Problem to solve:
At the line with "Catalonia Vlies-Decke mit", start transcribing; stop after the last line of the data below. Keep it exact and leave pictures out.

Dataset section:
· · · · · · ·
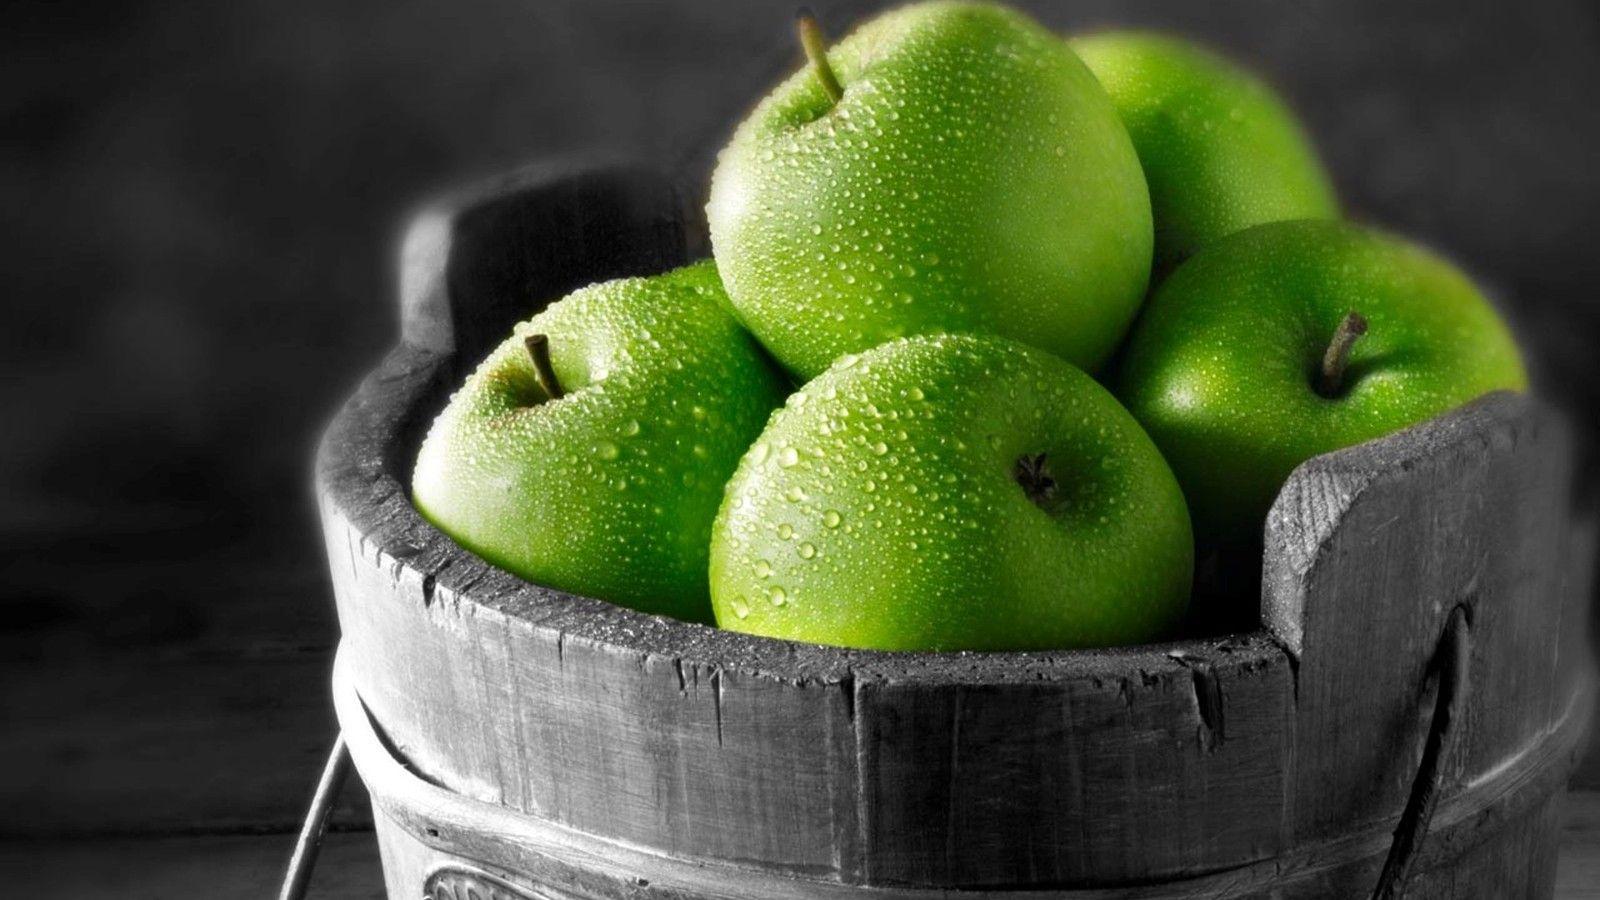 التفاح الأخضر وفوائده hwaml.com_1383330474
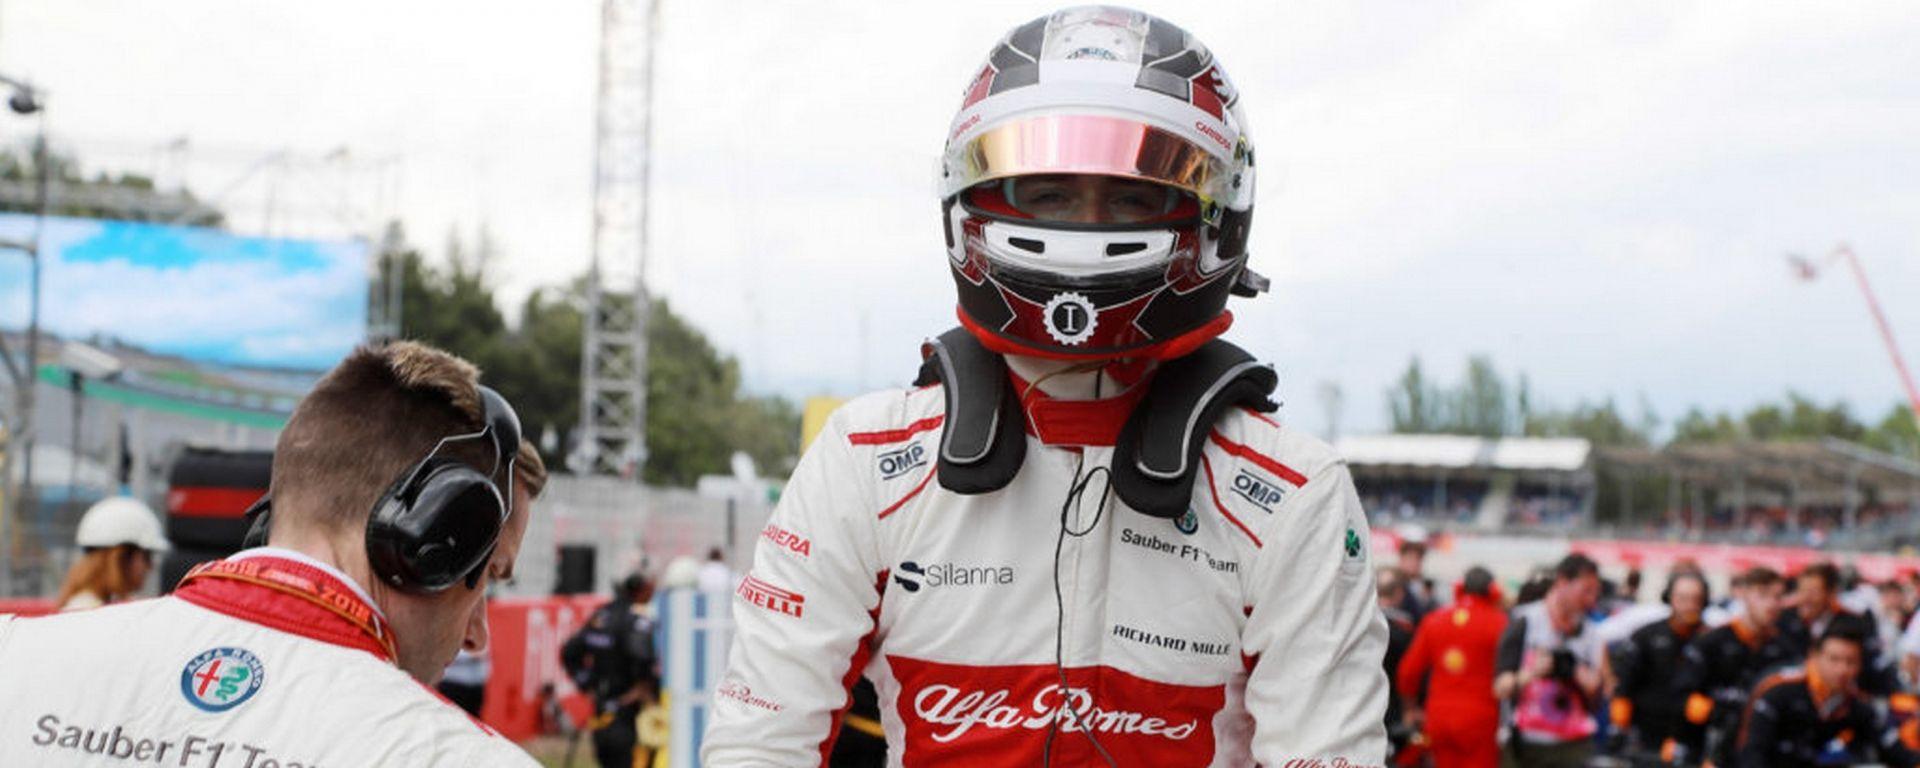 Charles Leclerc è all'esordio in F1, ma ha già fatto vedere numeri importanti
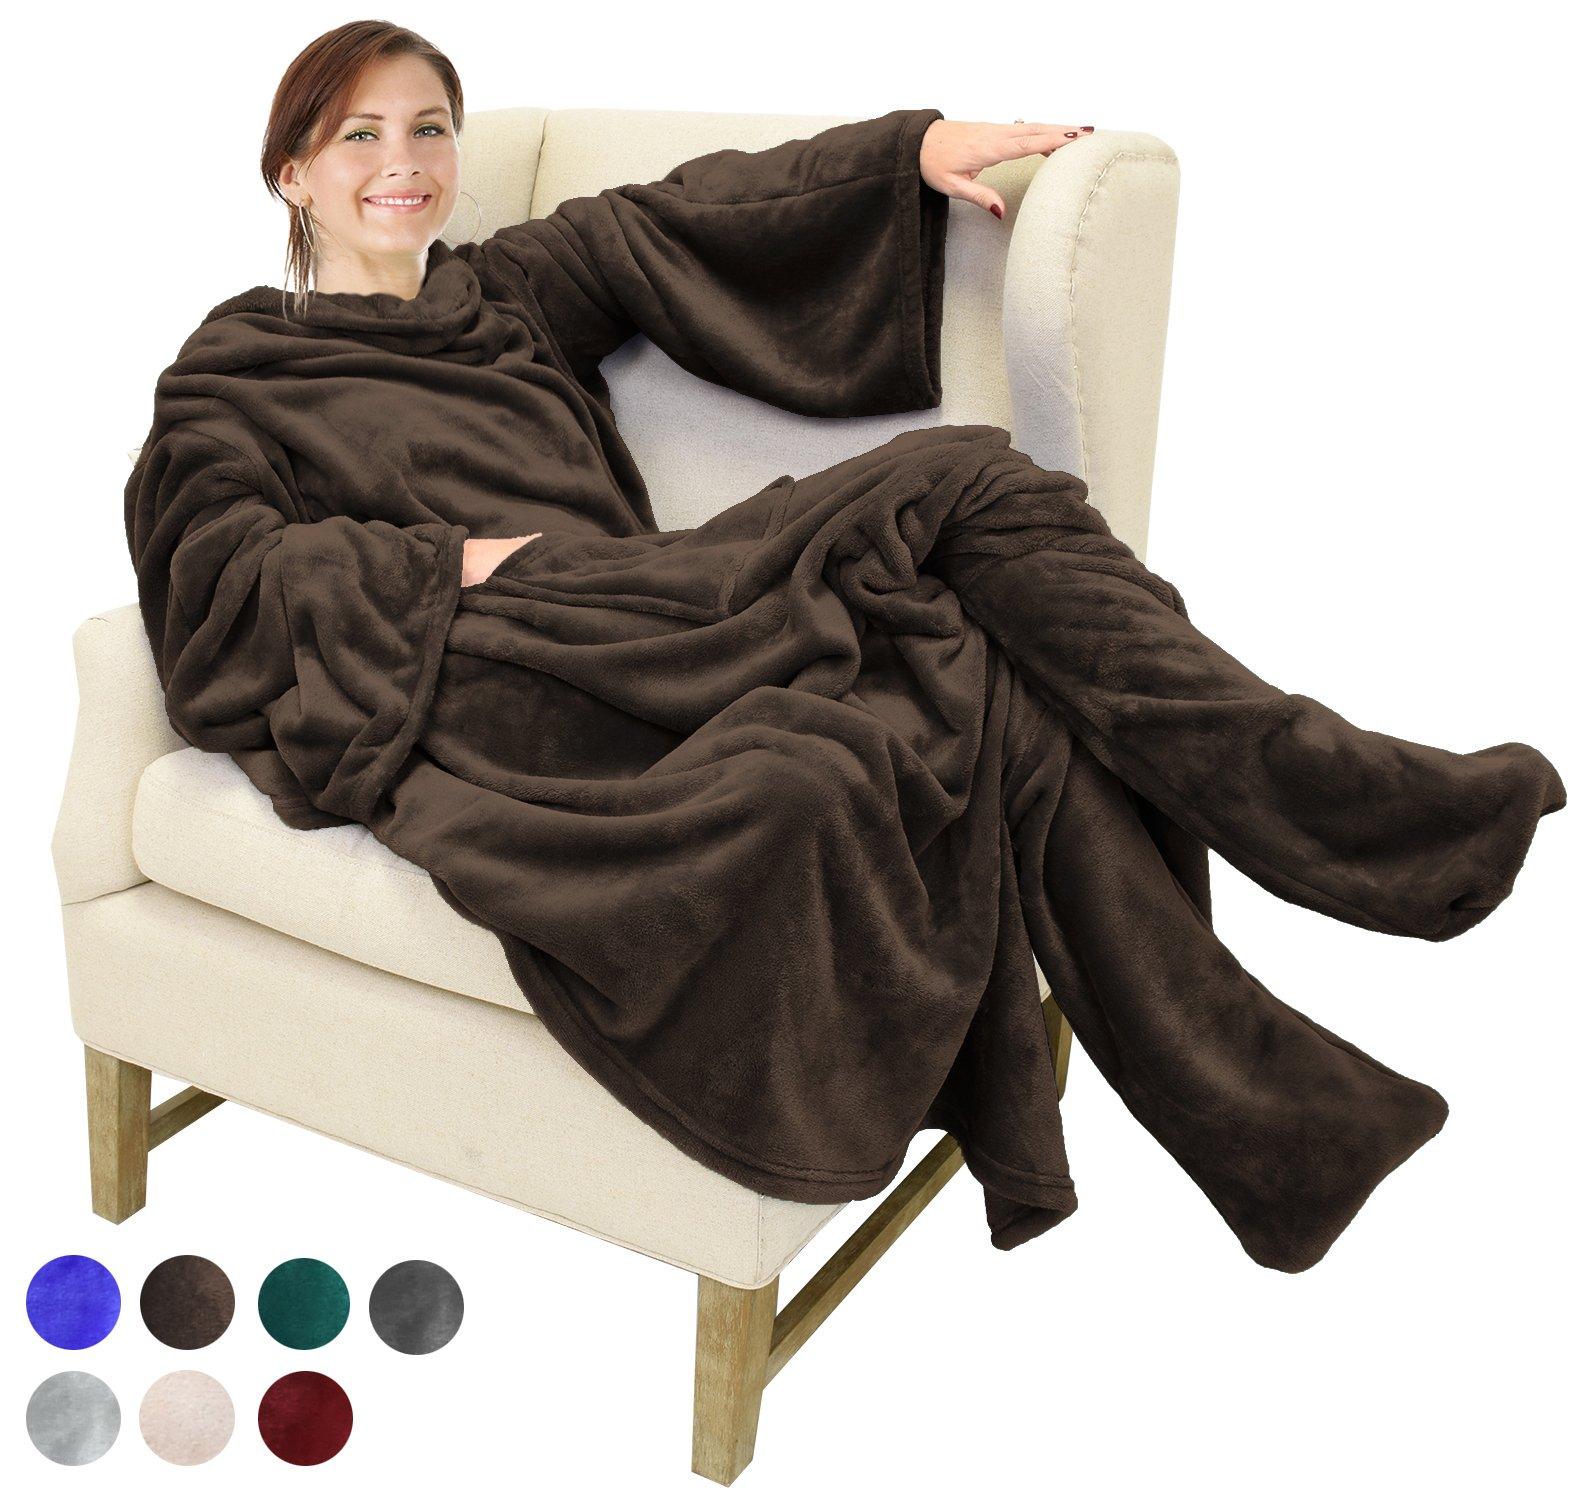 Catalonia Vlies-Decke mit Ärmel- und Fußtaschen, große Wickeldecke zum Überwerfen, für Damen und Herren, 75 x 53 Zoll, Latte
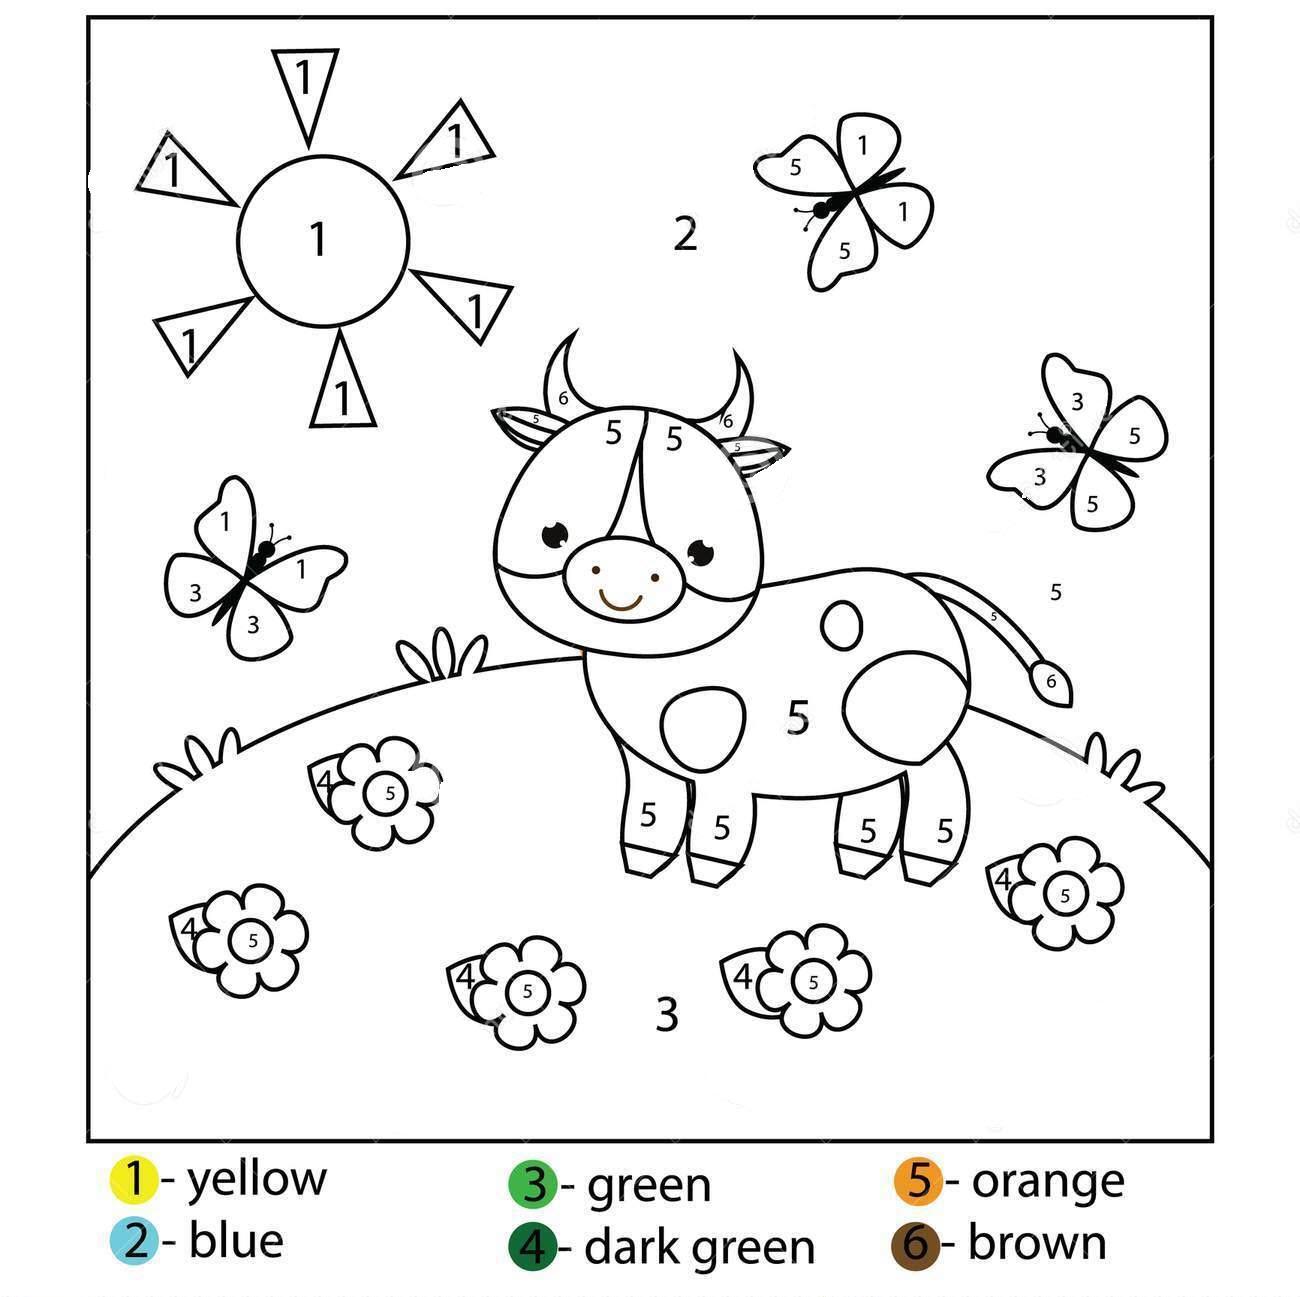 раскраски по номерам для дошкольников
· · · · · · ·
Answer below:
 Catalonia Vlies-Decke mit Ärmel- und Fußtaschen, große Wickeldecke zum Überwerfen, für Damen und Herren, 75 x 53 Zoll, Latte
 раскраски по номерам для дошкольников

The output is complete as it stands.